In parallel to this, revisions of the MiFID 2 framework and the EU Benchmarks Regulation (BMR) will be initiated around Q3 2020. Within those revisions to MiFID, treasurers will need to watch out for recalibration of the transparency frameworks for shares and bonds as well as a potential widening of scope of EU trading obligations to cash markets. Another question that will likely resurface in a MiFID context is whether FX products should be more widely scoped into the trade transparency regime of MiFID. On the benchmarks front, the planned revision of the BMR is likely to focus on adjustments to the scope of the regime as well as the calibrations for critical benchmarks, but importantly also ensure a recalibration of the third country regime of the BMR. Revisions to the latter are critical to ensure that treasures will continue to be able to use third country indices – in particular in non-deliverable currencies – beyond the currently scheduled end of the transition period on 31 December 2021.

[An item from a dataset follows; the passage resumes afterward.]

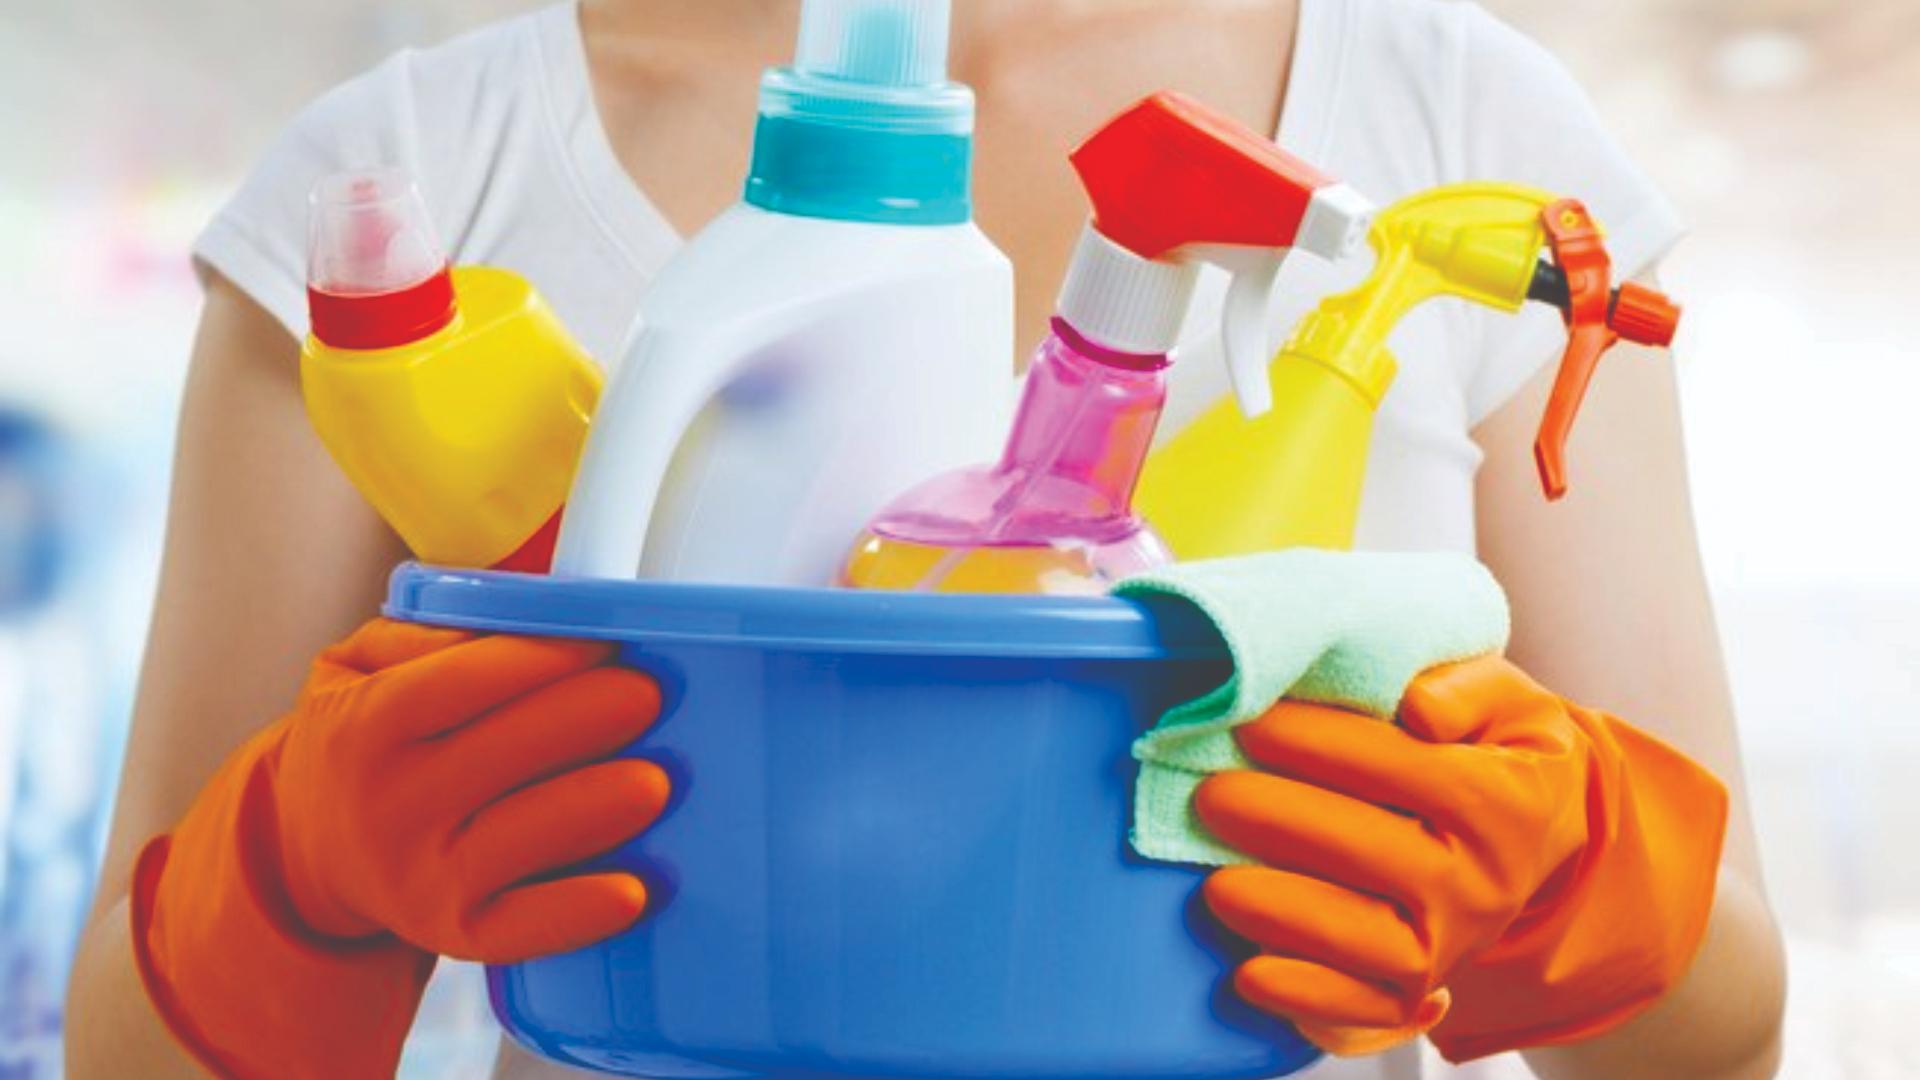 Descubra si la relación laboral con su trabajadora del hogar ha llegado a su límite
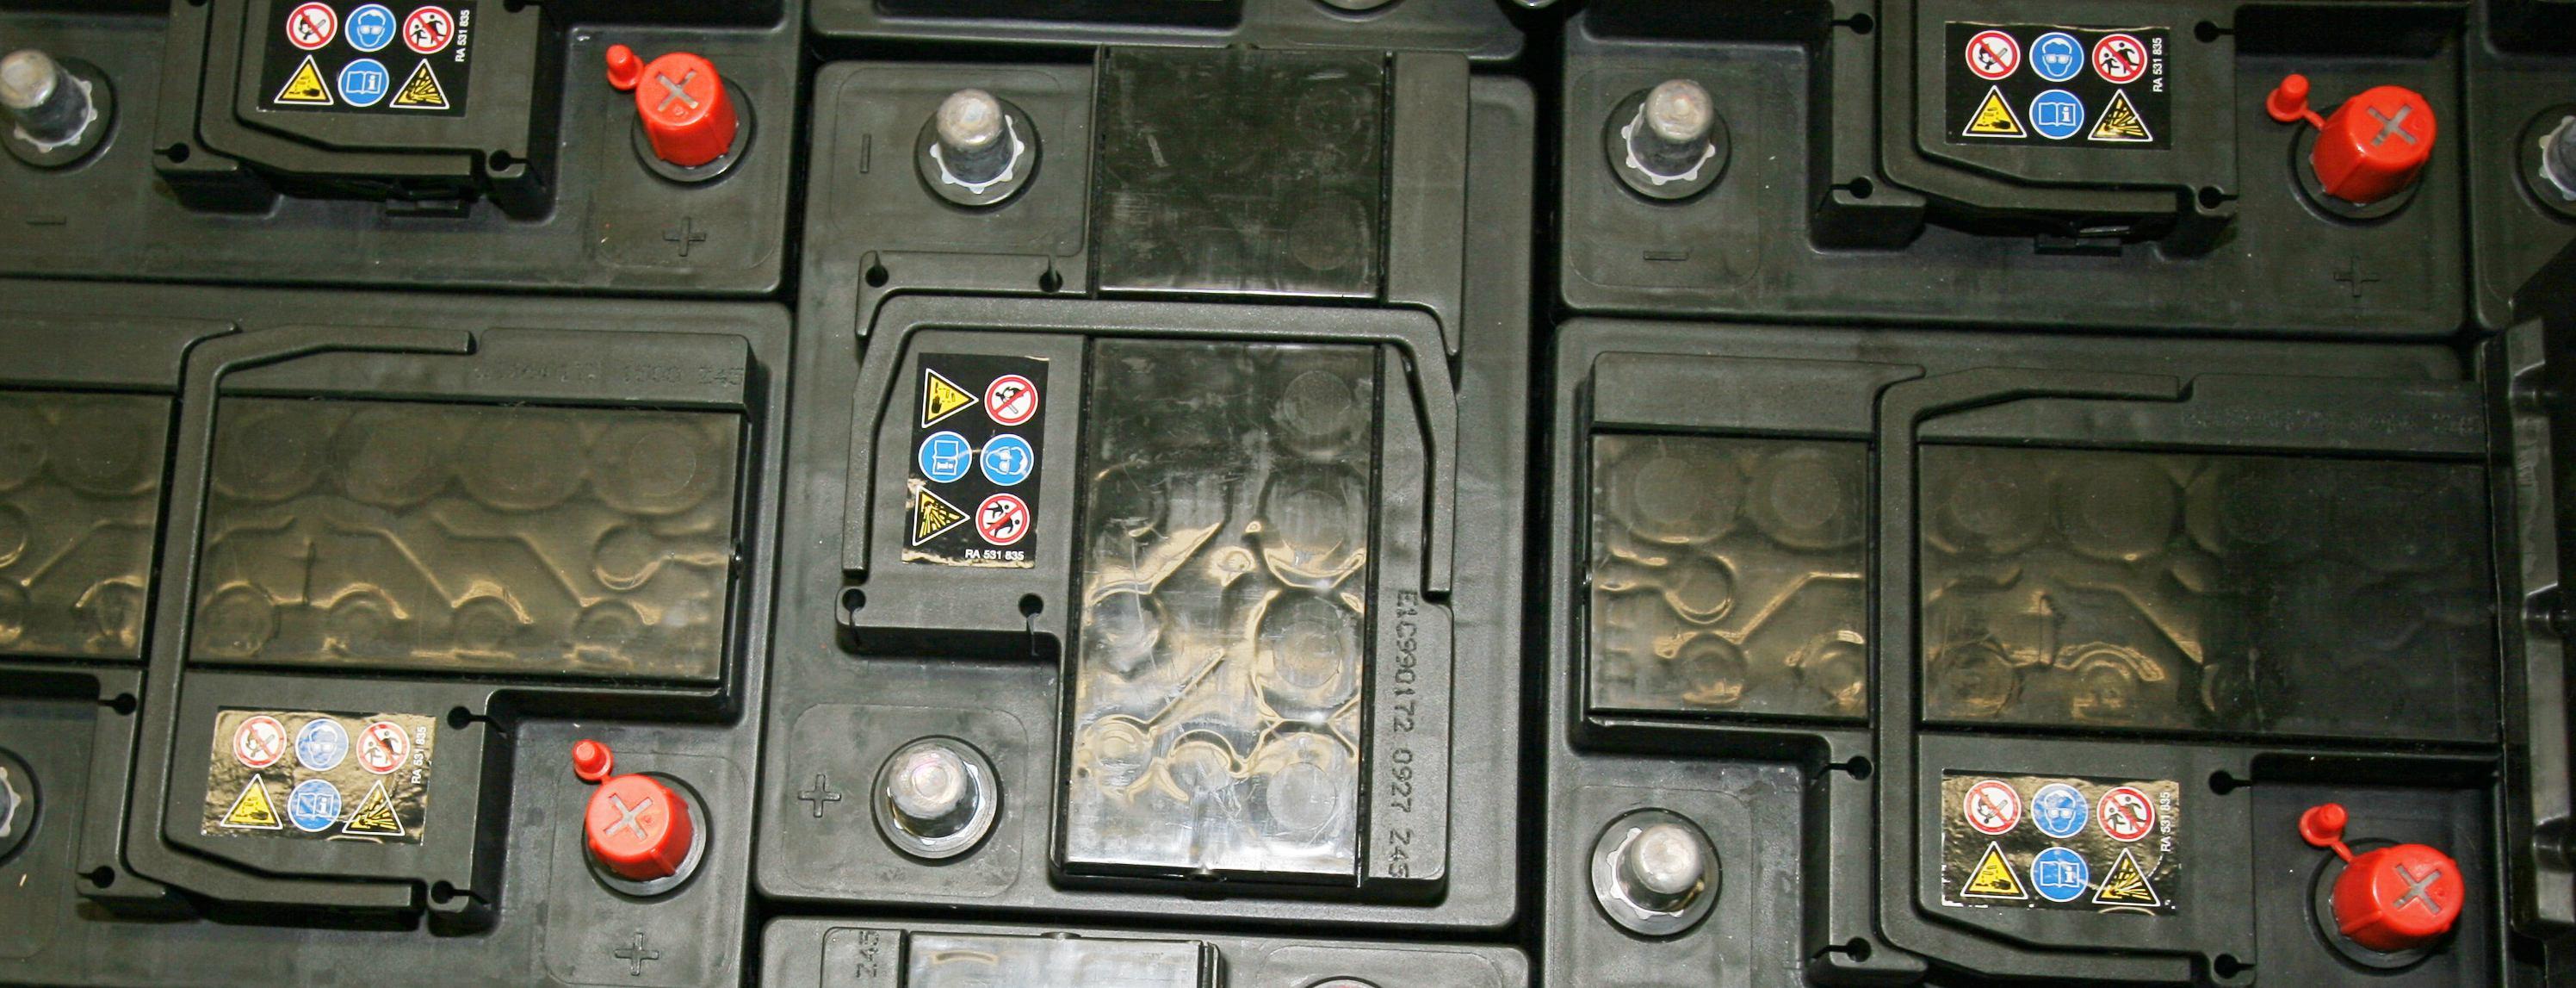 baterias usadas Valorcar

Finally, there will be a significant push for a consolidated data, cybersecurity and AML strategy. On data, expectations are pointing towards a horizontal data governance approach to facilitate broad-based data sharing. Partially this strategy will have the objective of strengthening not only business-to-government data sharing, but also business-to-business data sharing. Ultimately, financial services are likely to see an expansion of the notion of open-access that is already today contained in the PSD2 (Payment Services Directive) to a broader range of actors and services. For cybersecurity we are likely to see a much greater scrutiny by EU policymakers over outsourcing arrangement to third party (and non-EU) information and technology providers. At the same time, the European Commission is moving towards seeking to create a horizontal cybersecurity framework in financial services across all relevant legislative frameworks. Meanwhile shortcomings identified in the EU’s AML framework over the last couple of years are likely to result in an overhaul of EU AML rules in 2021 with a focus on consolidating supervision and enhancing KYC requirements for all obliged entities.
All of this means that even in the absence of a crisis, EU policymakers are in the process of launching an ambitious reform agenda across almost all segments of the regulatory framework for financial services. With all of the inevitable touchpoints this will have for corporate treasurers, it will remain as crucial as ever for treasurers to be a part of the policy dialogue.